As this is a self-reported study, which did not involve a real situation of reading nutrition labels during purchase, it may not represent the real situation of reading labels among the Malaysian population. The level of nutrition knowledge and competence in understanding information were not assessed. Thus, the results might show high scores in understanding compared to the actual capacity of the respondents. Hence, it may not represent the real figures of understanding labels among the population.
We found that most of the Malaysian adults reported to read the food label and they claimed to understand the label information. Respondents who were male, lower academic achievement (primary and secondary school leavers) and single were significantly less likely to read food label information. Primary school leavers and jobless respondents significantly reported did not understand the food label information that they read. Those who read food labels mostly targeted expiry date and precautionary statement information, and showed not much interest to read nutrient information on the label. There was no significant association of other sociodemographic characteristics with reading and understanding of the food label. By identifying the target groups as above, it will assist the stakeholders and policy makers in designing interventions to those groups. Future studies should focus to observational study approach in order to determine the actual readers, level and problems in understanding the food label.

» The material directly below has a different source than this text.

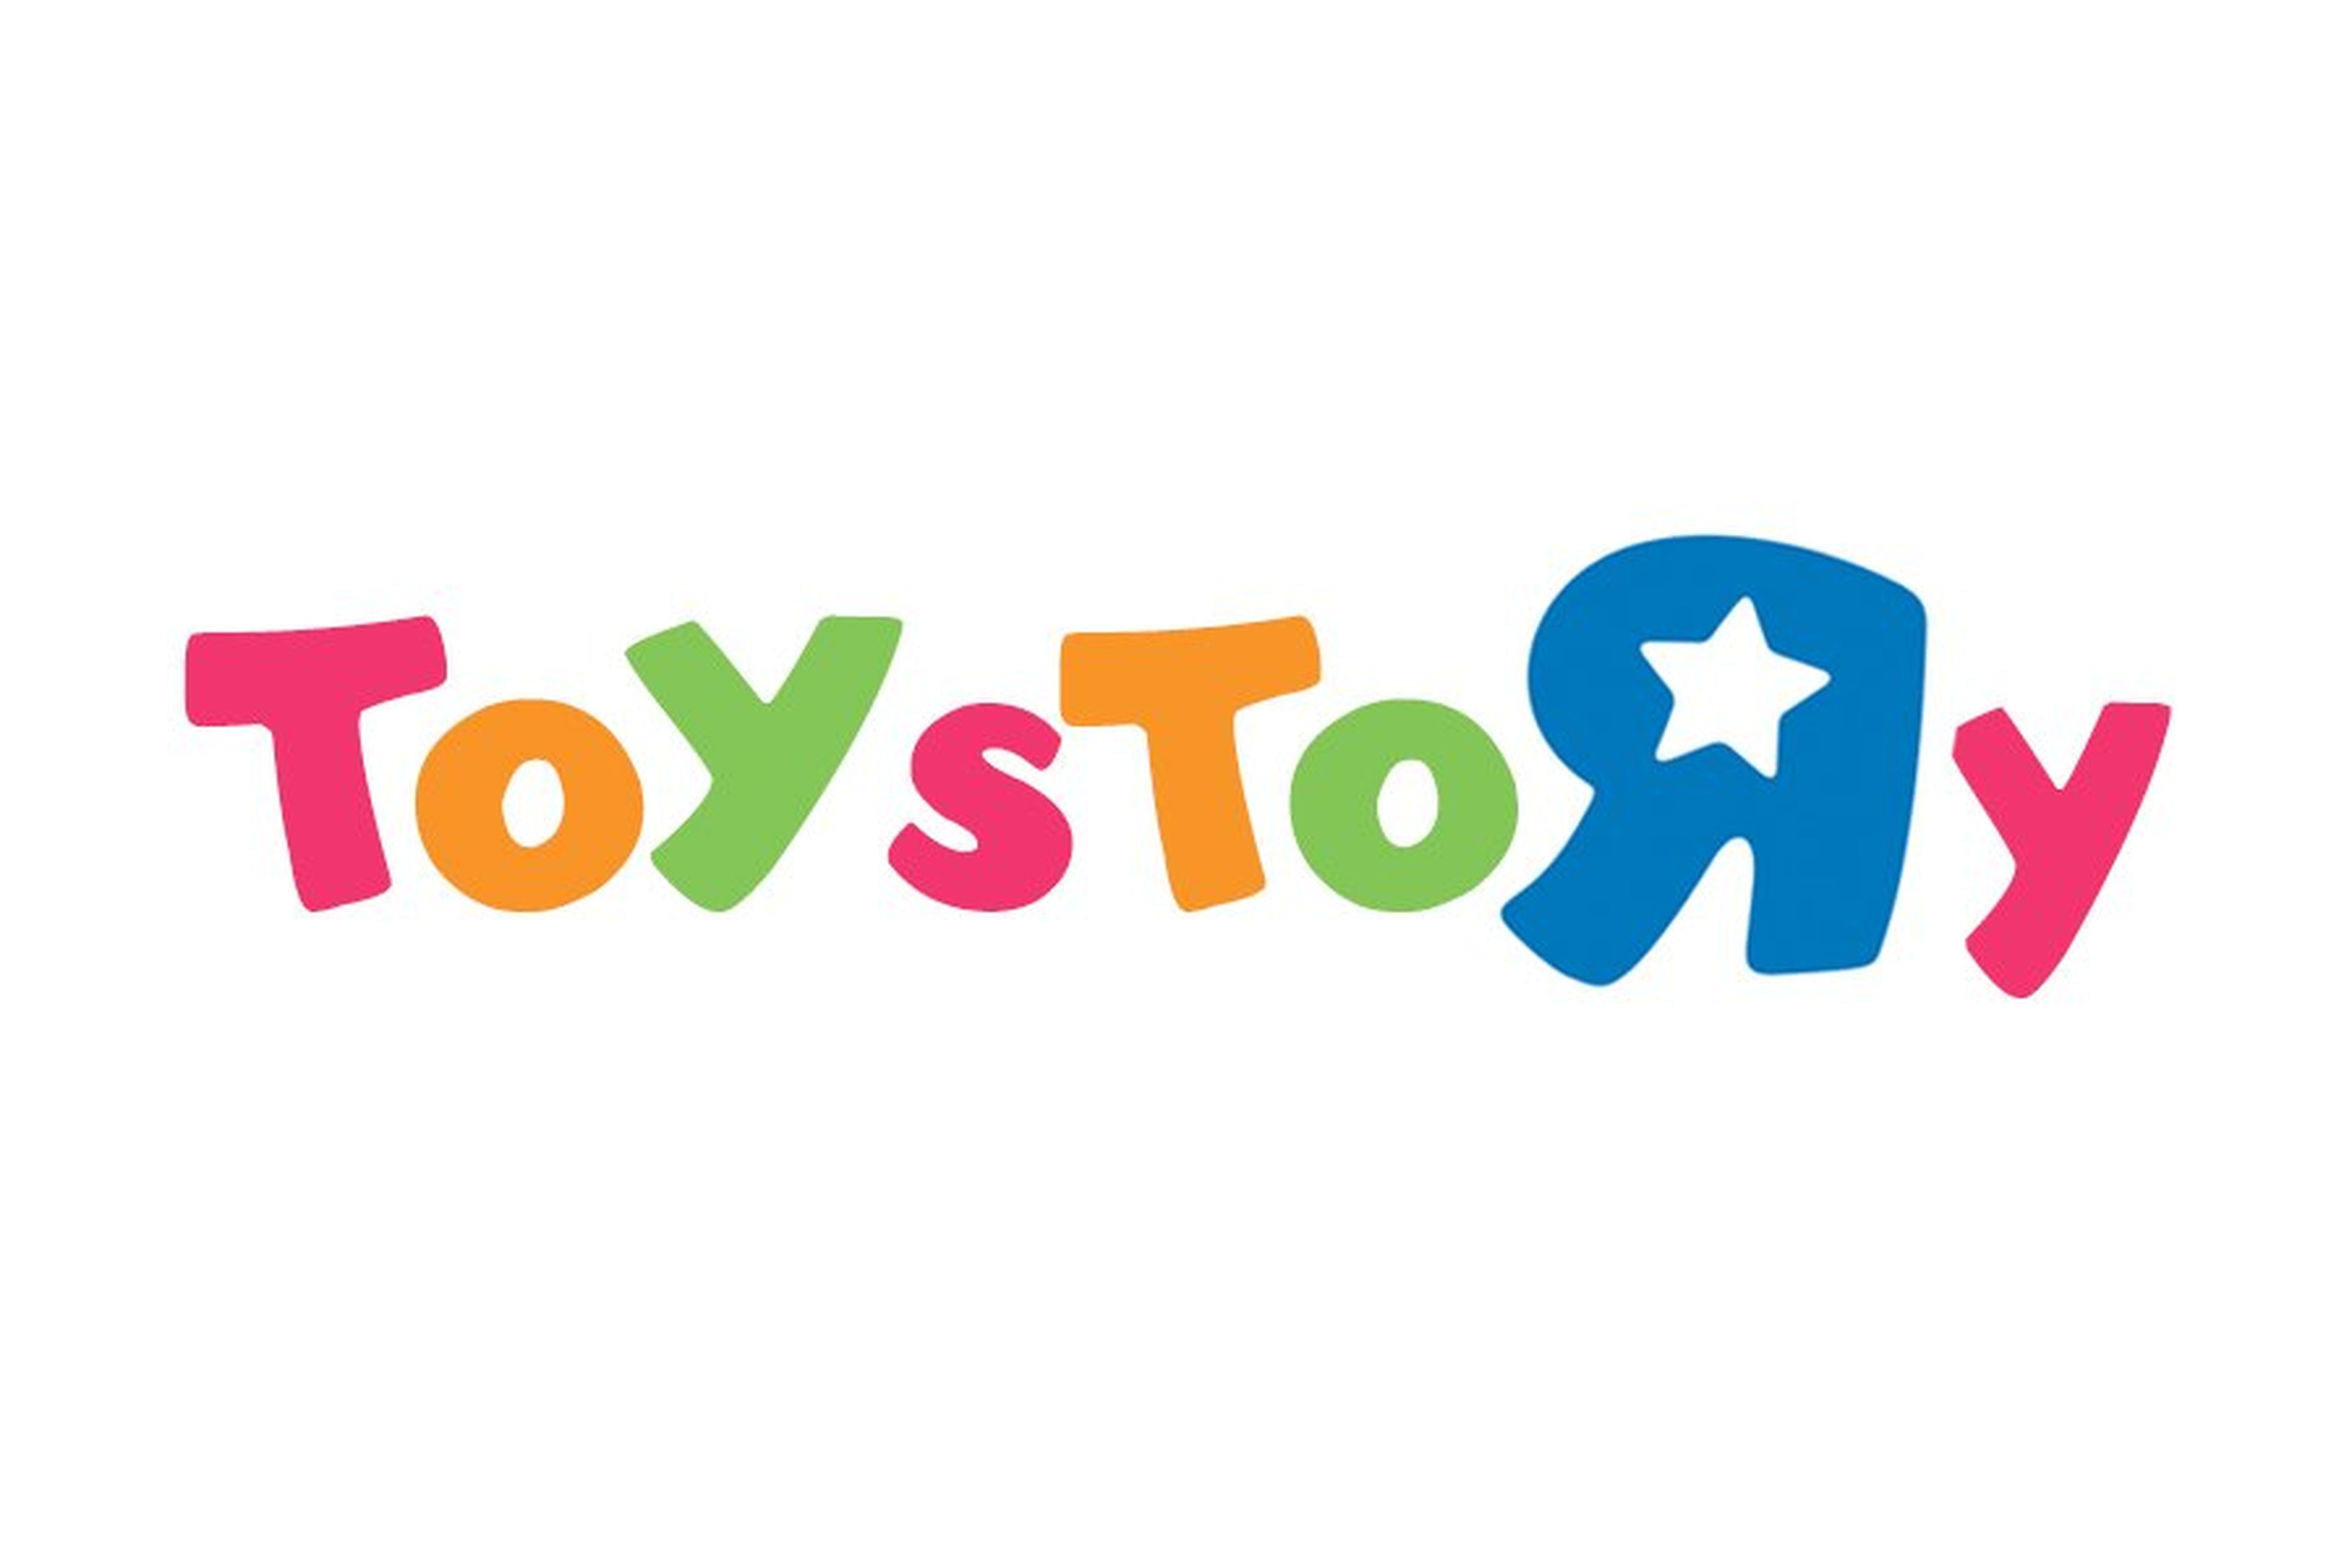 Si Toy Story fuera un logo

The authors would like to extend their grateful thanks to the Director General of Health, Ministry of Health, Malaysia for permission to publish this paper. The authors would also like to thank the MANS 2014 research team members who were involved in the planning and commencing of this study, the State Health Directors and Liaison Officers who organized resources during the data collection phase, data collectors of field supervisors, nutritionists, temporary staff and respondents who had participated and contributed their time and information to the survey.
The authors declare no conflict of interest.